I'm pretty new to SQL and have been trying to solve this task for a while…still no luck. I would appreciate if someone here could help me out.
I have a database with columns:
- ClientID
- VisitID
- Date
- PurchaseID (array)
- etc.
What I'm trying to achieve is to retrieve a list containing the following data:
- ClientID
- Last Visit Date
- First Visit Date
- Last Purchase Date
- Visits Count
- Purchases Count
- Visits After Last Purchase Count
When trying to retrieve a value for Visits After Last Purchase Count
this is where I am stuck.
SELECT
ClientID,
FirstVisit,
LastVisit,
LastPurchaseDate,
Visits,
Purchases,
VisitsAfterPurchase
FROM
(
SELECT
h.ClientID,
max(h.Date) AS LastVisit,
min(h.Date) AS FirstVisit,
count(VisitID) AS Visits
FROM s7_visits AS h
WHERE Date > '2017-12-01'
GROUP BY h.ClientID
LIMIT 100
)
ANY LEFT JOIN
(
SELECT
d.ClientID,
max(d.Date) AS LastPurchaseDate,
sum(length(d.PurchaseID)) AS Purchases,
sum(
(
SELECT count(x.VisitID)
FROM s7_visits AS x
WHERE x.ClientID = d.ClientID
HAVING x.Date >= max(d.Date)
)) AS VisitsAfterPurchase
FROM s7_visits AS d
WHERE (length(PurchaseID) > 0) AND (Date > '2017-12-01')
GROUP BY d.ClientID
) USING (ClientID)
The database system I'm using is Yandex ClickHouse.
The USING
syntax is absolutely normal for ClickHouse. It is used instead of ON
clause in other RDBMSs.
This query is giving me the following error:
DB::Exception: Column Date is not under aggregate function and not in GROUP BY..
Sample Data:
+----------+---------+------------+------------+
| CliendID | VisitID | Date | PurchaseID |
+----------+---------+------------+------------+
| 123 | 136 | 01.12.2017 | |
| 123 | 522 | 05.12.2017 | |
| 123 | 883 | 08.12.2017 | |
| 123 | 293 | 09.12.2017 | ['345'] |
| 123 | 278 | 12.12.2017 | |
| 123 | 508 | 12.12.2017 | |
| 123 | 562 | 15.12.2017 | |
| 123 | 523 | 21.12.2017 | |
| 456 | 736 | 29.11.2017 | |
| 456 | 417 | 03.12.2017 | |
| 456 | 950 | 04.12.2017 | |
| 456 | 532 | 05.12.2017 | ['346'] |
| 456 | 880 | 09.12.2017 | |
| 456 | 296 | 12.12.2017 | |
| 456 | 614 | 15.12.2017 | |
+----------+---------+------------+------------+
And the result should be:
+----------+-----------------+------------------+--------------------+--------------+-----------------+----------------------------------+
| ClientID | Last Visit Date | First Visit Date | Last Purchase Date | Visits Count | Purchases Count | Visits After Last Purchase Count |
+----------+-----------------+------------------+--------------------+--------------+-----------------+----------------------------------+
| 123 | 21.12.2017 | 01.12.2017 | 09.12.2017 | 8 | 1 | 4 |
| 456 | 15.12.2017 | 29.11.2017 | 05.12.2017 | 7 | 1 | 3 |
+----------+-----------------+------------------+--------------------+--------------+-----------------+----------------------------------+
Best Answer
Problem solved.
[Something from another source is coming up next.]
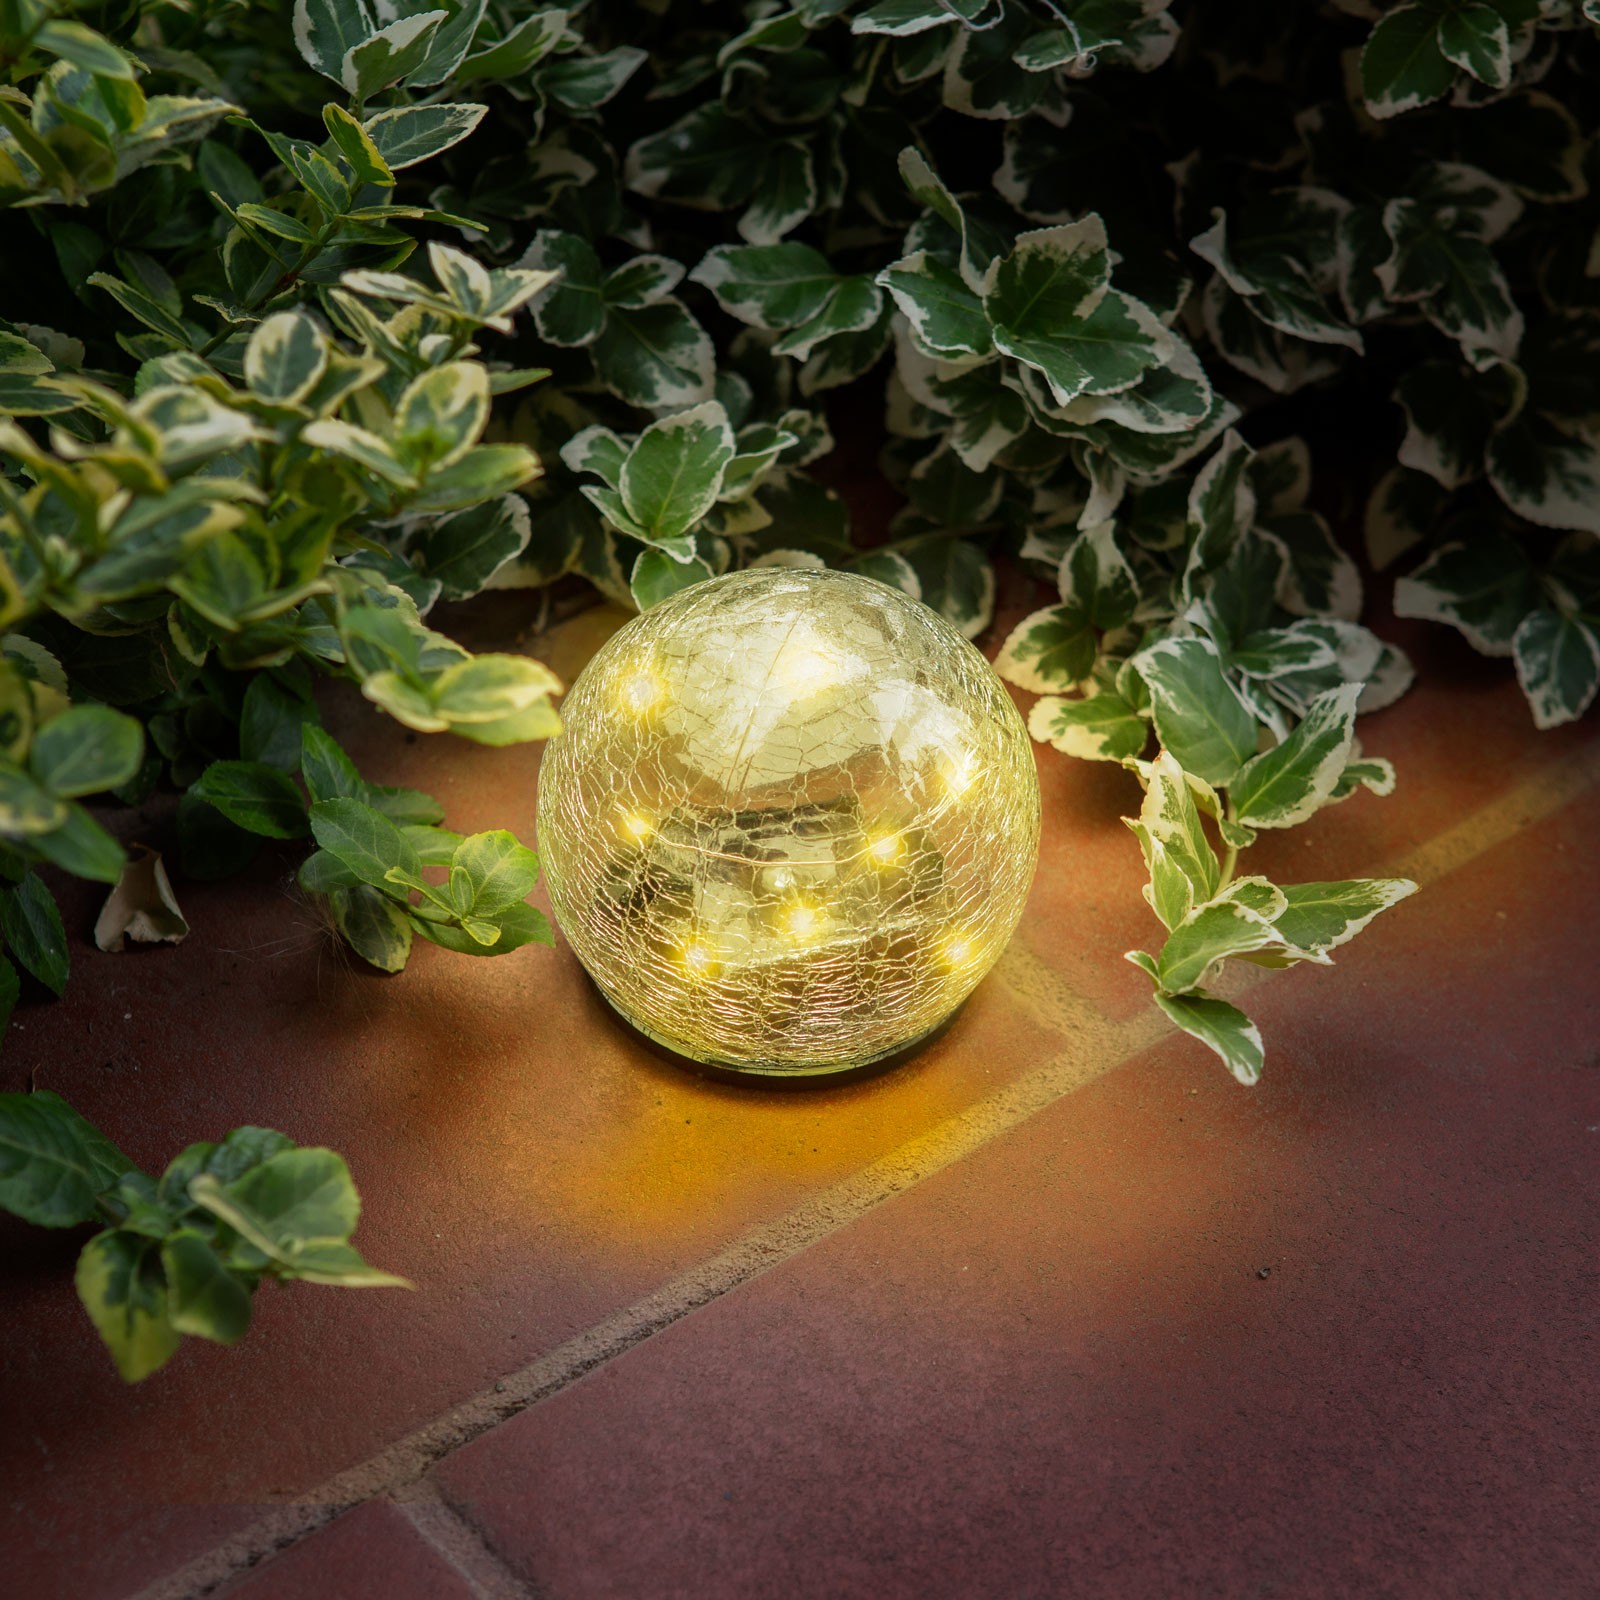 lampa solara sfera sticla - 10 cm - 10 led alb cald

Unfortunately ClickHouse does not support aliases for subqueries and hence referencing. So I had to find another workaround using SELECT from subquery (with LastVisitDate) LEFT JOINed with another subquery (with LastPurchase Date) containing and then using WHERE clause "LastVisitDate < LastPurchaseDate".